In terms of natural history, 55% of untreated acoustic neuromas demonstrate growth over a three-year period. He said that 90% to 95% of sporadic small tumors are controlled over the long term with stereotactic radiotherapy at current doses. Outcomes are poorer in larger tumors, which have a regrowth rate of 30% and a higher risk of radiation-induced brain injury.
For neurofibromatosis type 2 tumors, control rate is only about 70%, and is possibly even lower in younger patients.
According to reports from 2000 through 2007, in patients with Gardiner-Robinson grade 1 or 2 hearing before radiation, there is a 60% chance of preservation at five years, he continued. Hearing preservation is possible in only about 35% of patients with neurofibromatosis type 2, he added.

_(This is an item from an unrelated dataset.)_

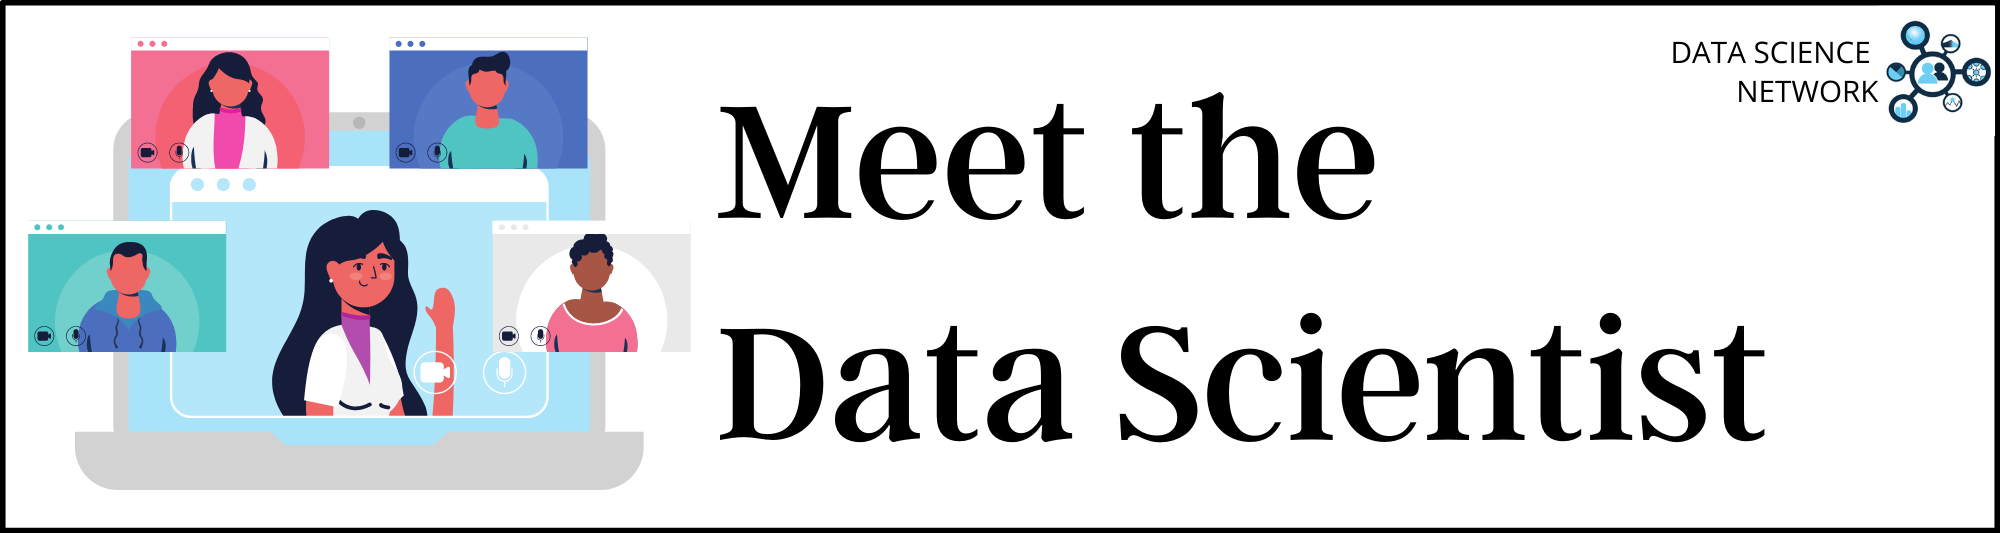 Meet the Data Scientist

Facial palsy is rare with current stereotactic radiotherapy doses, although transient facial twitch was reported in a small percent of patients six to eight months following treatment. The primary risk of facial injury occurs when surgery is used following recurrences after stereotactic radiotherapy, Dr. Jackler commented.

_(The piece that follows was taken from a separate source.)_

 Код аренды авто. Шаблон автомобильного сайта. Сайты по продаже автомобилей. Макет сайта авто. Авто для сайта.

Surgical salvage of radiation failure carries a higher complication rate than primary surgery. The converse is not true, however, as radiation salvage of surgical remnants works as well as primary stereotactic radiation. This has led to the exploration of combined therapy, in which large tumors are subtotally removed and the remnant radiated if it shows growth over time.
-Robert Jackler, MD
Secondary malignancy after stereotactic radiotherapy remains a concern, but Dr. Jackler suspects that the incidence is likely to be low. Nevertheless, whenever considering radiation for a benign tumor, the potential of inducing a lethal malignancy years later must be discussed with the patient. Longer-term follow-up is needed to determine the actual incidence of lethal malignancy.